For Beginners: This method collects all the layer's learnable values into a single list.
The parameters include four sets of values:
- Linear weights: Main transformation parameters
- Gate weights: Selection mechanism parameters
- Linear biases: Baseline adjustments for features
- Gate biases: Default settings for gates
All these values are collected in a specific order into a single vector. This combined list is useful for:
- Saving a trained model to disk
- Loading parameters from a previously trained model
- Advanced optimization techniques
For a layer with 100 inputs and 50 outputs, this would return:
- 5,000 linear weight parameters (100 × 50)
- 5,000 gate weight parameters (100 × 50)
- 50 linear bias parameters
- 50 gate bias parameters
- Totaling 10,100 parameters
ResetState()
Resets the internal state of the layer.
public override void ResetState()
Remarks
This method resets the internal state of the GLU layer by clearing all cached values from forward and backward passes. This includes inputs, intermediate outputs, and gradients.
For Beginners: This method clears the layer's memory to start fresh.
When resetting the state:
- The saved input is cleared
- The saved linear and gate outputs are cleared
- All calculated gradients are cleared
- The layer forgets previous calculations it performed
This is typically called:
- Between training batches to free up memory
- When switching from training to evaluation mode
- When starting to process completely new data
It's like wiping a whiteboard clean before starting a new calculation. Note that this doesn't affect the learned weights and biases, just the temporary working data.
SetParameters(Vector<T>)
Sets the trainable parameters of the layer from a single vector.
public override void SetParameters(Vector<T> parameters)
Parameters
parametersVector<T>A vector containing all parameters to set.
Remarks
This method sets all trainable parameters of the GLU layer from a single vector. The parameters should be in the same order as produced by GetParameters: linear weights, gate weights, linear biases, gate biases.
For Beginners: This method updates all the layer's learnable values from a provided list.
When setting parameters:
- The input must be a vector with the exact right length
- The values are distributed to the correct parameters in order
- They must follow the same order used in GetParameters
This method is useful for:
- Restoring a saved model
- Loading pre-trained parameters
- Testing specific parameter configurations
The method verifies that the vector contains exactly the right number of parameters before applying them.
Exceptions
- ArgumentException
Thrown when the parameters vector has incorrect length.
UpdateParameters(T)
Updates the weights and biases for both paths using the calculated gradients and the specified learning rate.

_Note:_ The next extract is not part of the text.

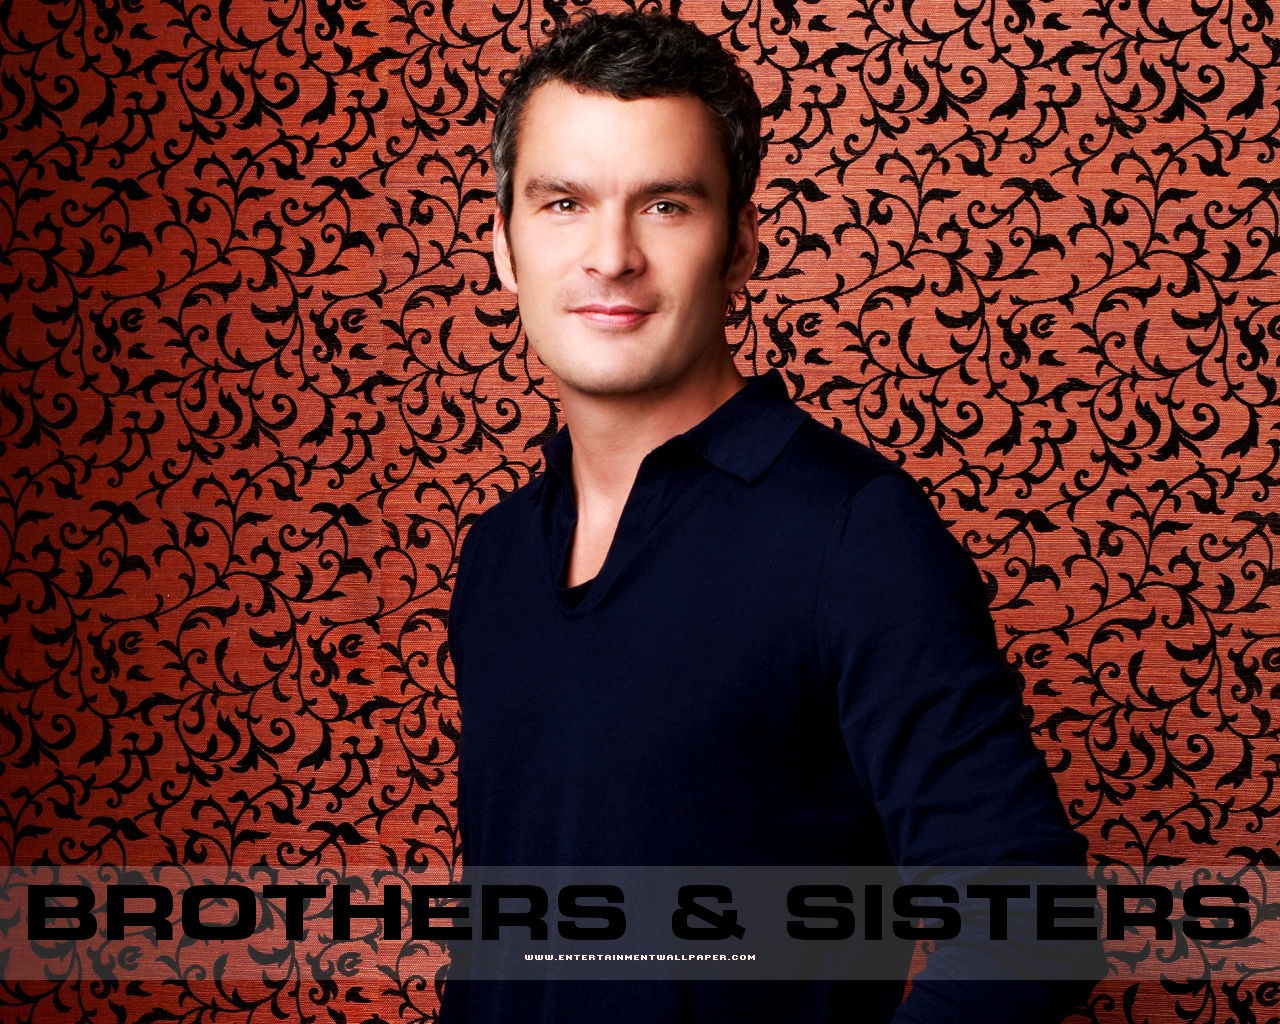 Brothers & Sisters 兄弟姐妹17 - 1280x1024

public override void UpdateParameters(T learningRate)
Parameters
learningRateTThe learning rate to use for the parameter updates.
Remarks
This method updates all trainable parameters of the GLU layer based on the gradients calculated during the backward pass. The parameters include weights and biases for both the linear and gating paths. The learning rate determines the size of the parameter updates.
For Beginners: This method changes the weights and biases to improve future predictions.
After calculating how each parameter should change:
- All parameters are adjusted in the direction that reduces errors
- The learning rate controls how big these adjustments are
The updates apply to all four sets of parameters:
- Linear weights: For better feature extraction
- Gate weights: For better selection of important features
- Linear biases: For better baseline feature values
- Gate biases: For better default gate openness
Each parameter moves a small step in the direction that improves performance. The minus sign means we move in the opposite direction of the gradient to minimize error.
Exceptions
- InvalidOperationException
Thrown when update is called before backward.